GIVEN INFORMATION:
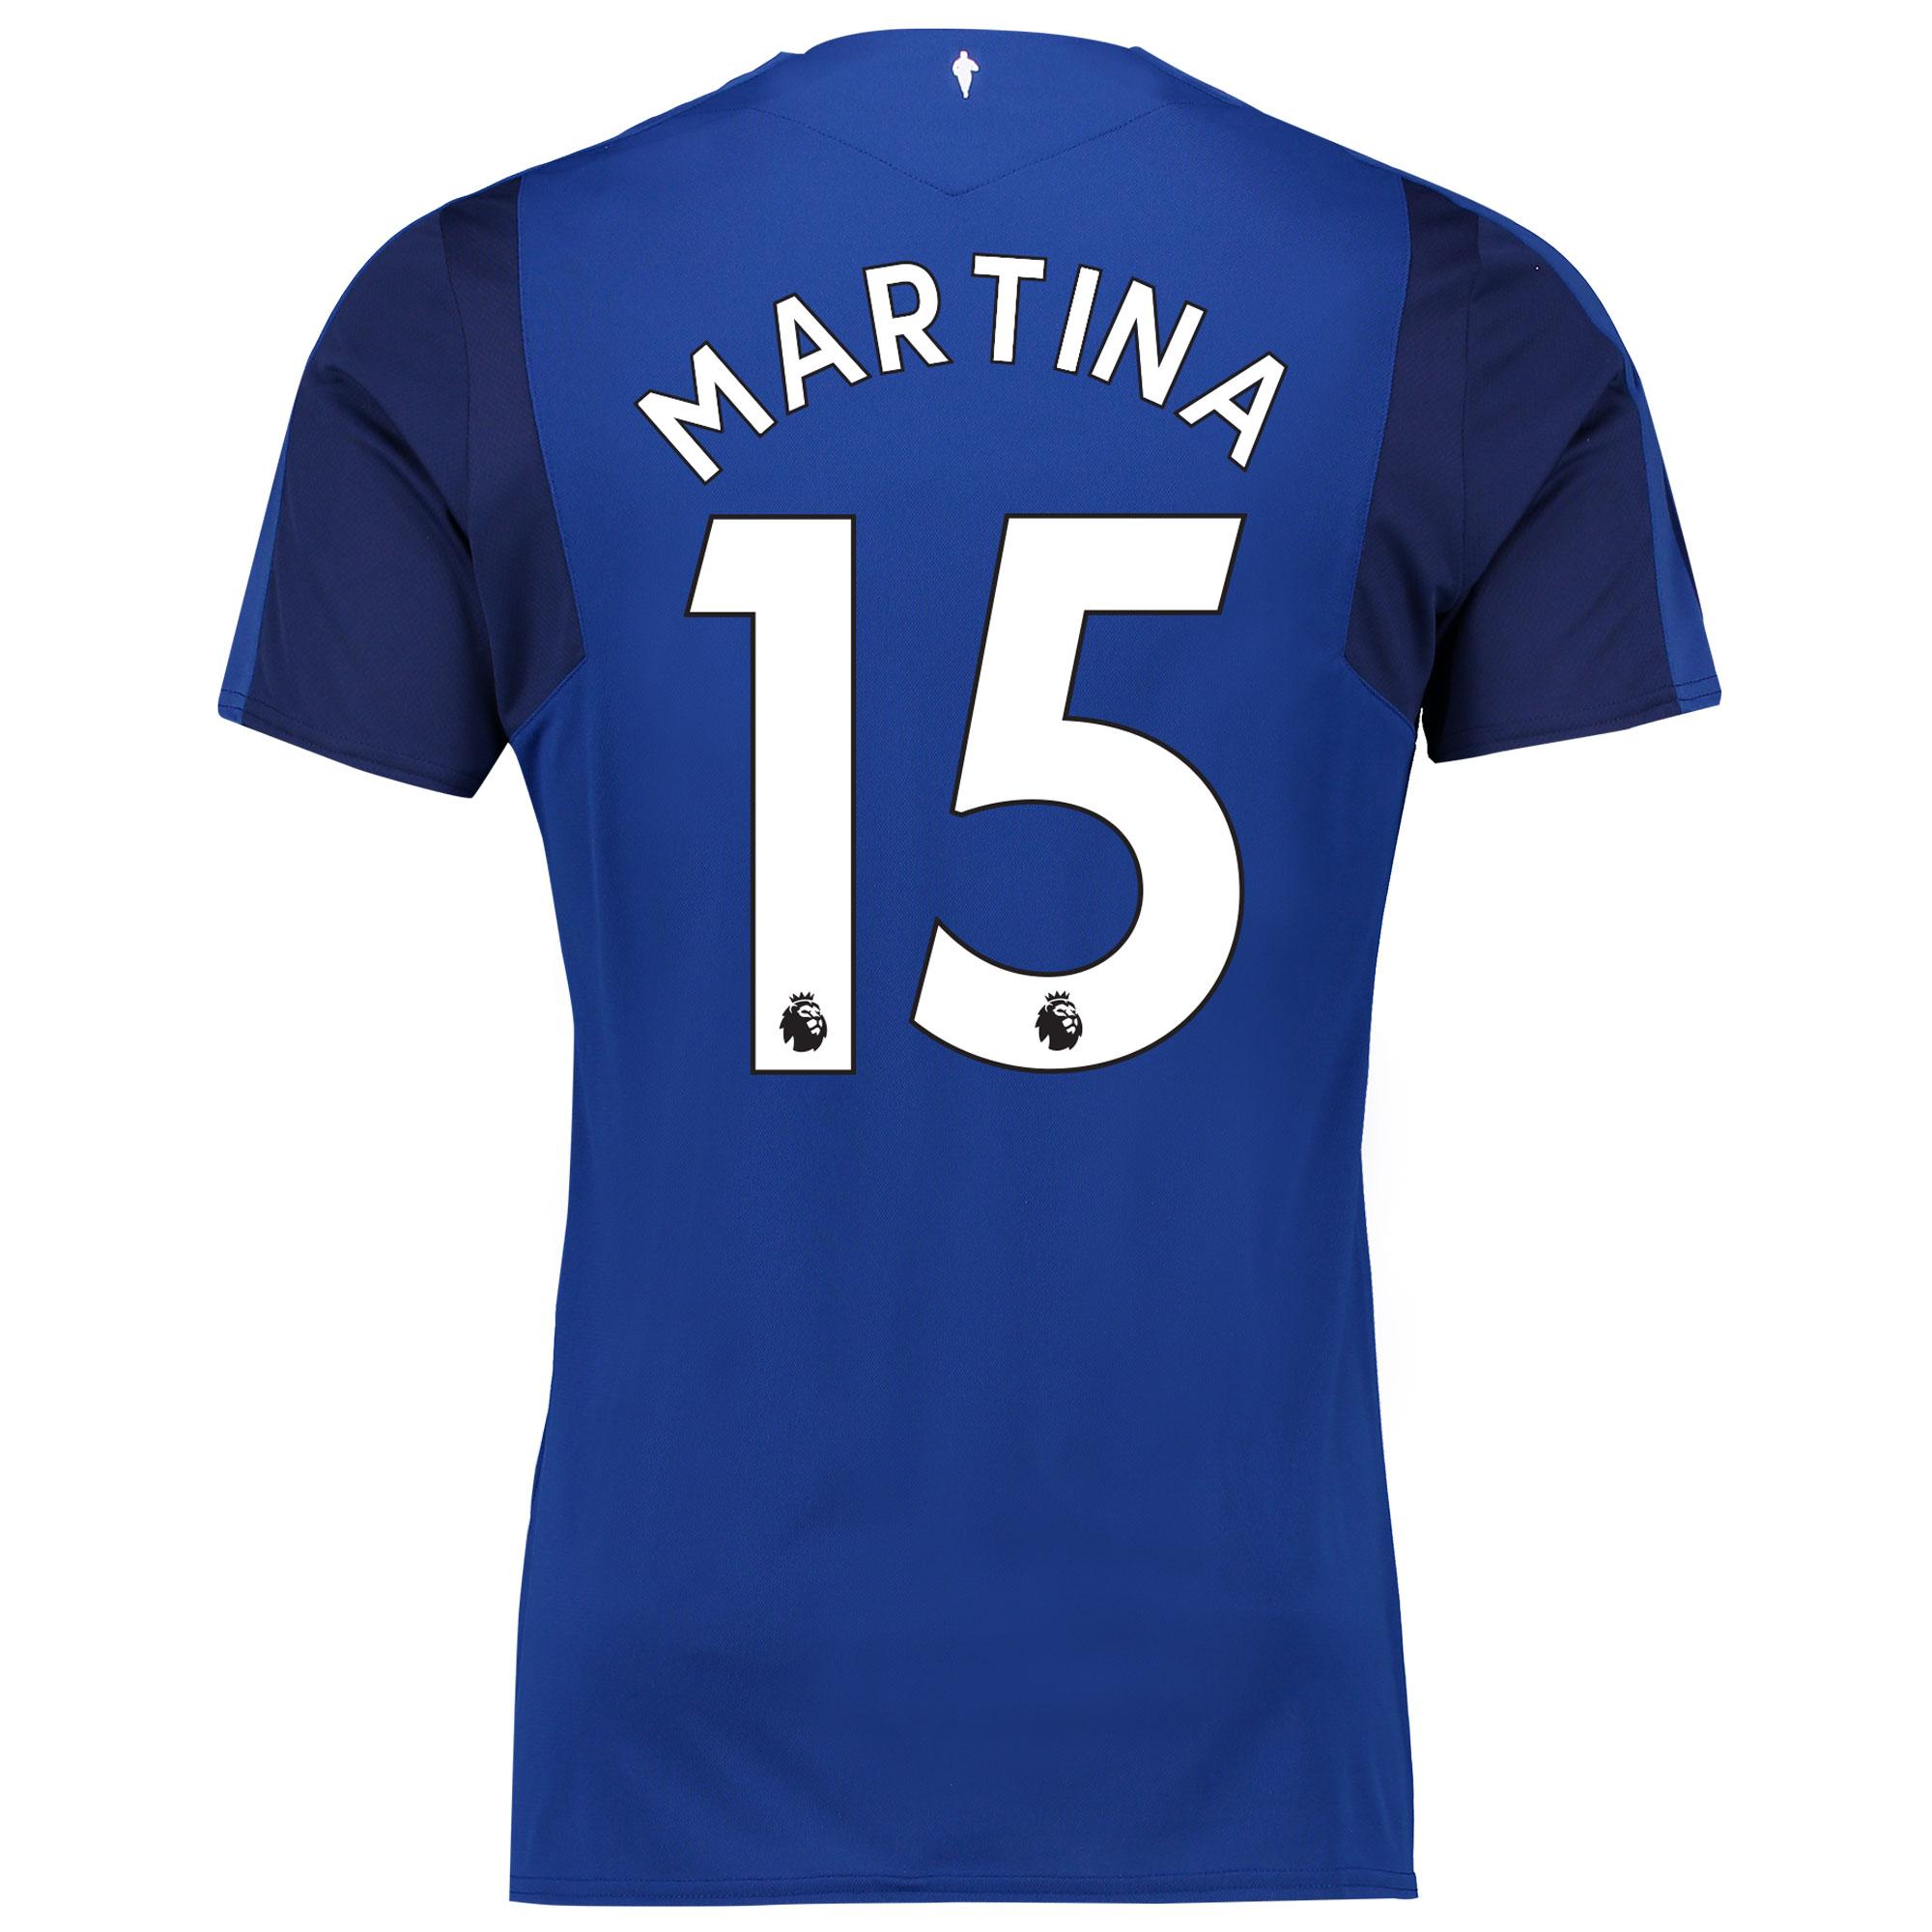 Everton Home Shirt 2017/18 with Martina 15 printing
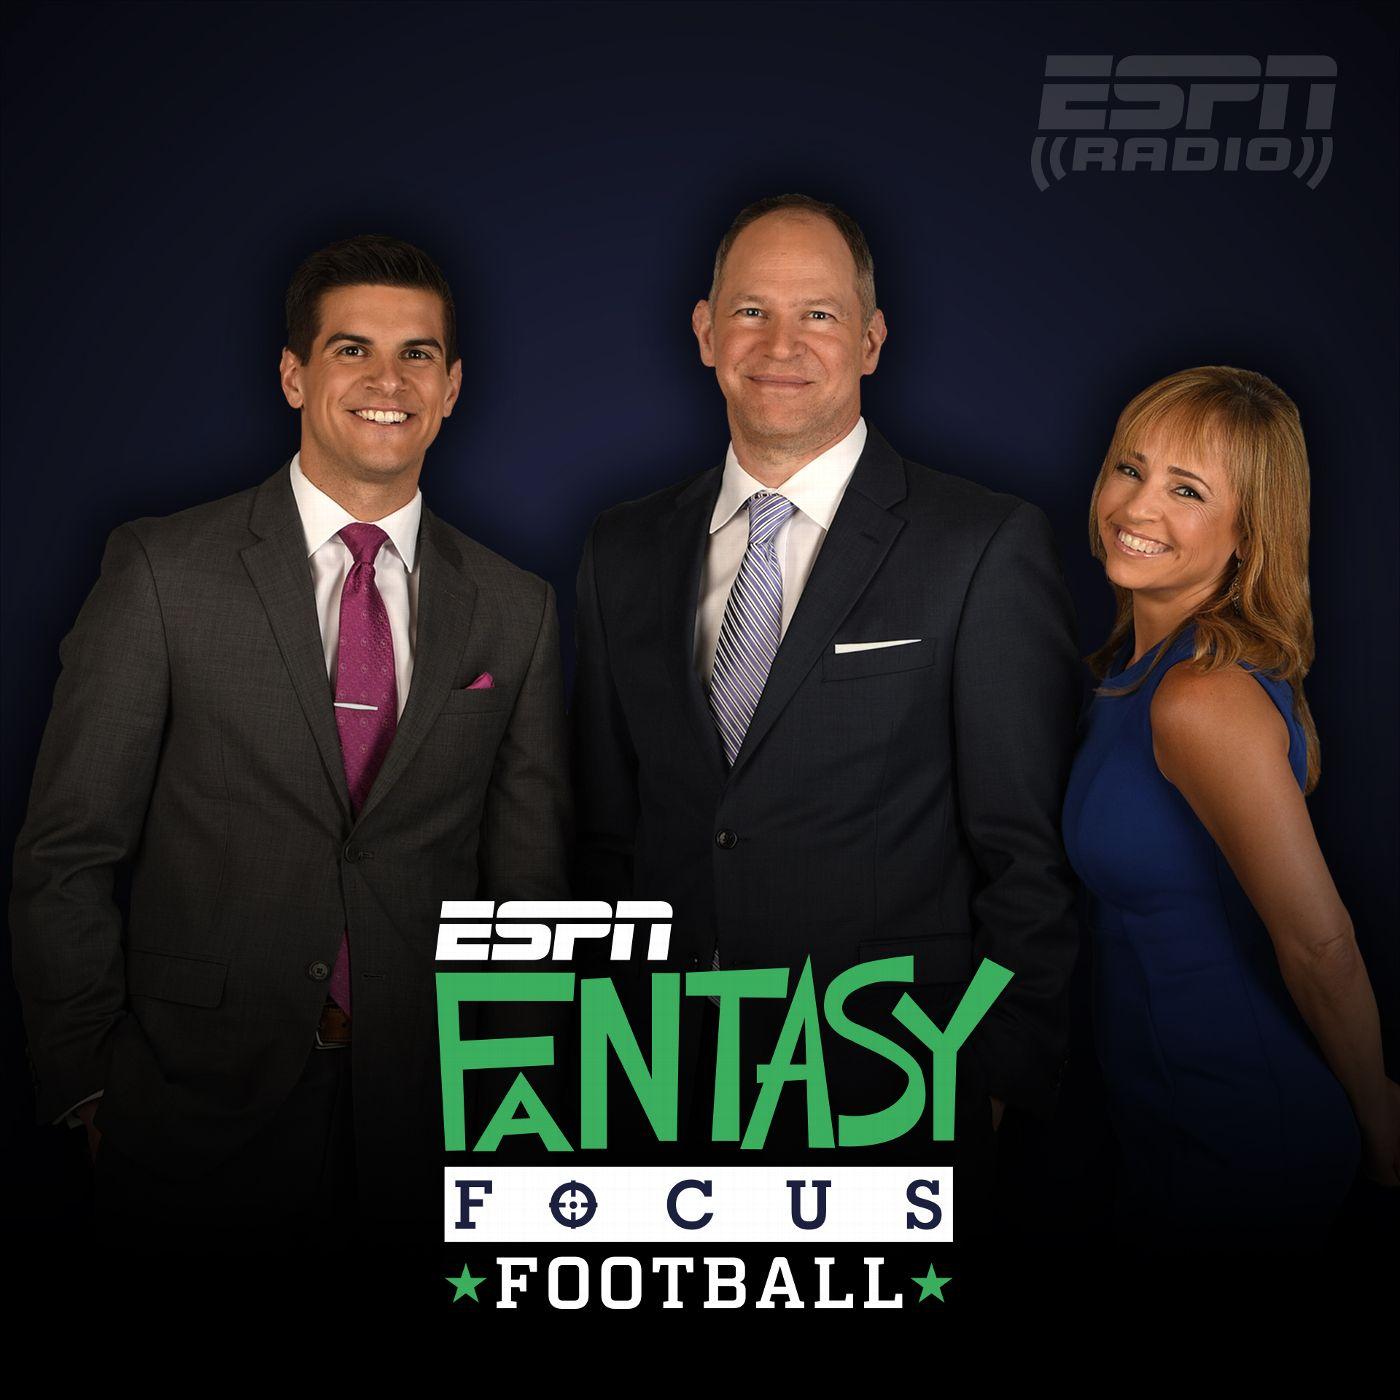 Fantasy Focus Football Listen Via Stitcher Radio On Demand
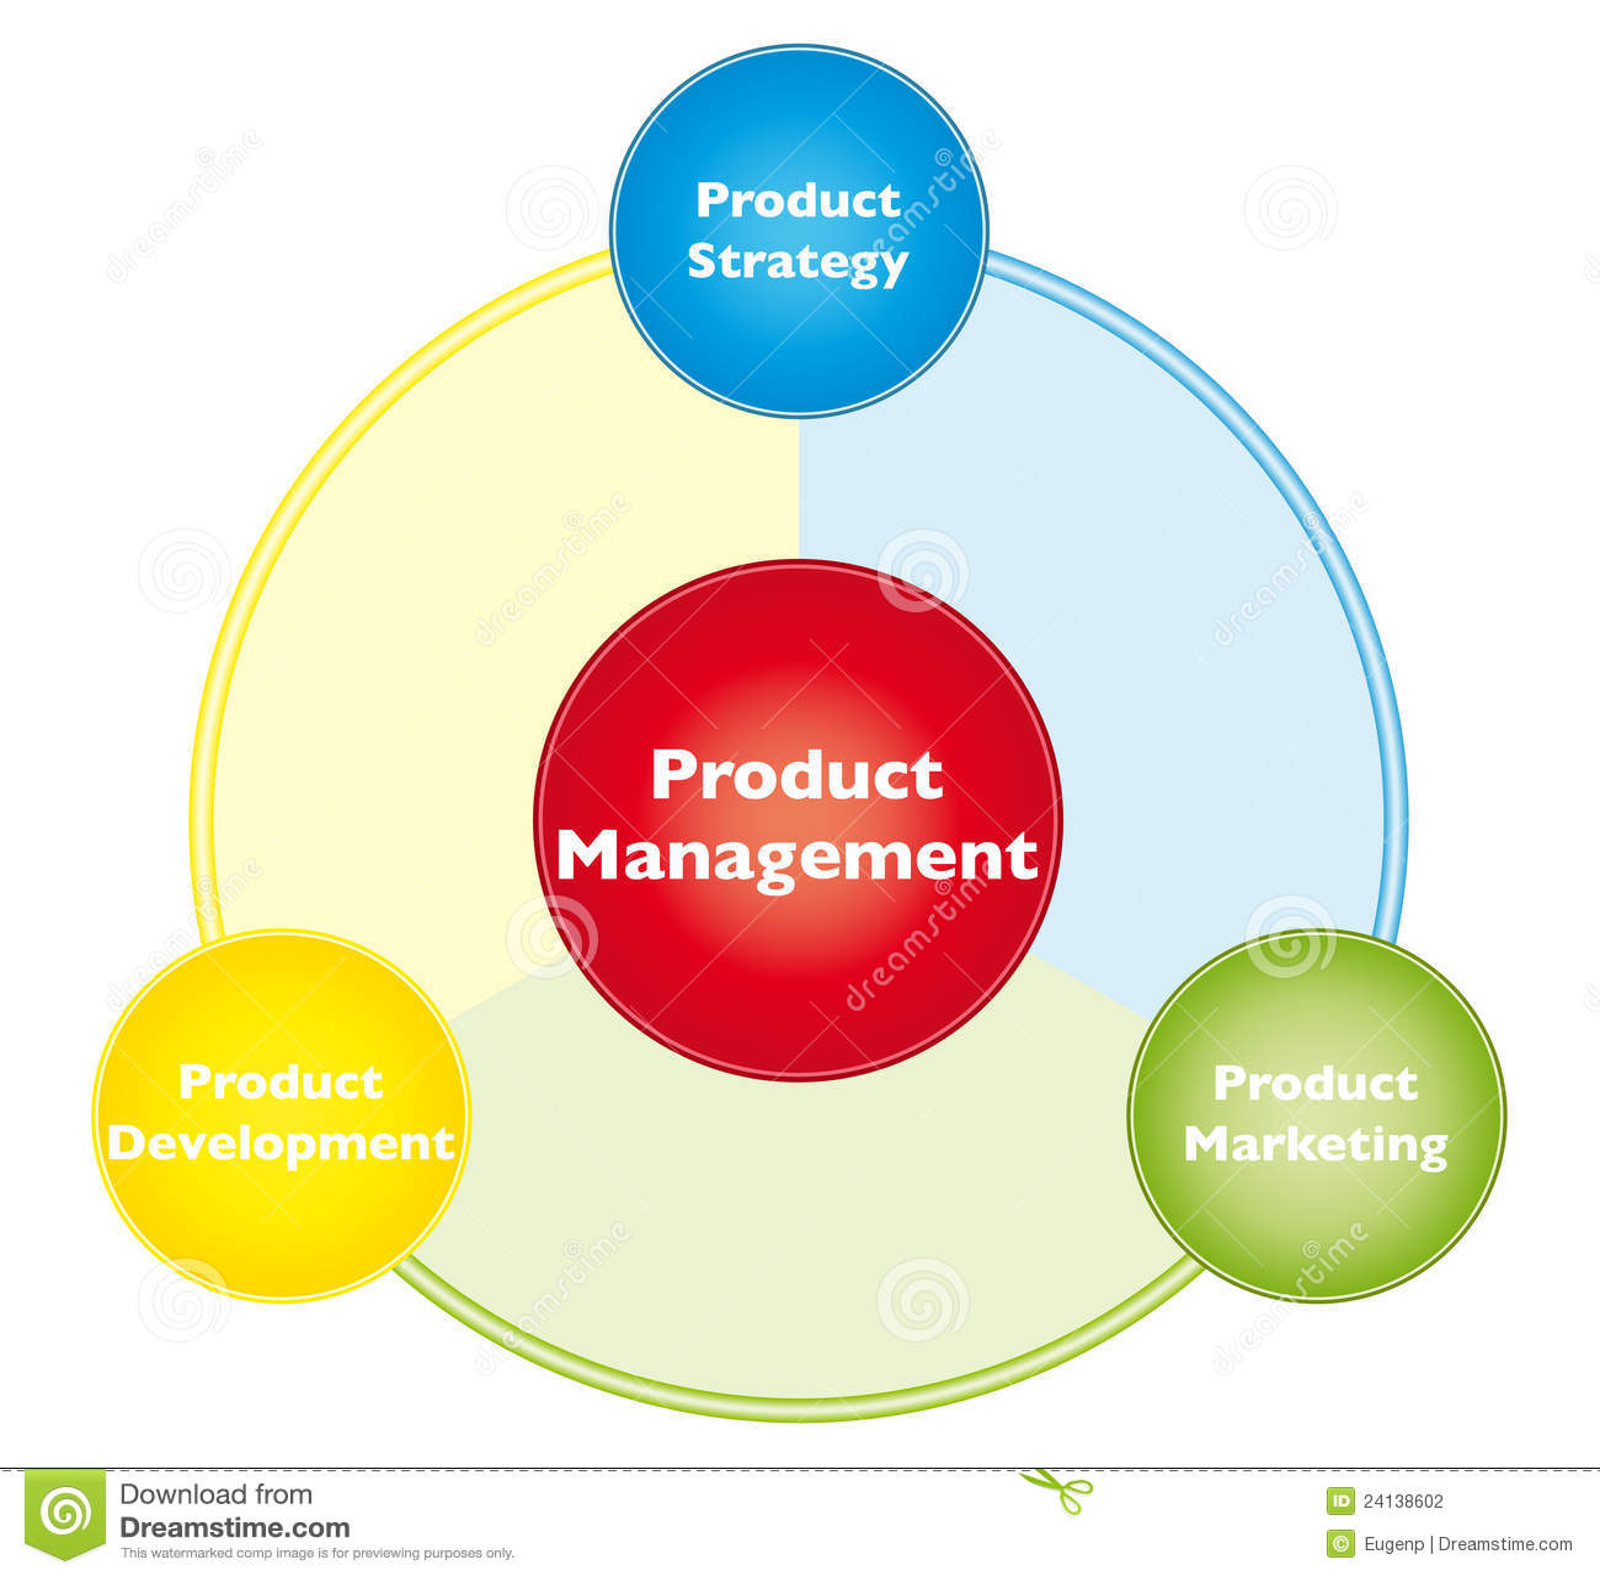 Product Management Stock Photography  Image: 24138602

WORK REQUEST:
Please repeat the listing above word for word, with the pictures removed.

RESULT:
 Everton Home Shirt 2017/18 with Martina 15 printing
 Fantasy Focus Football Listen Via Stitcher Radio On Demand
 Product Management Stock Photography  Image: 24138602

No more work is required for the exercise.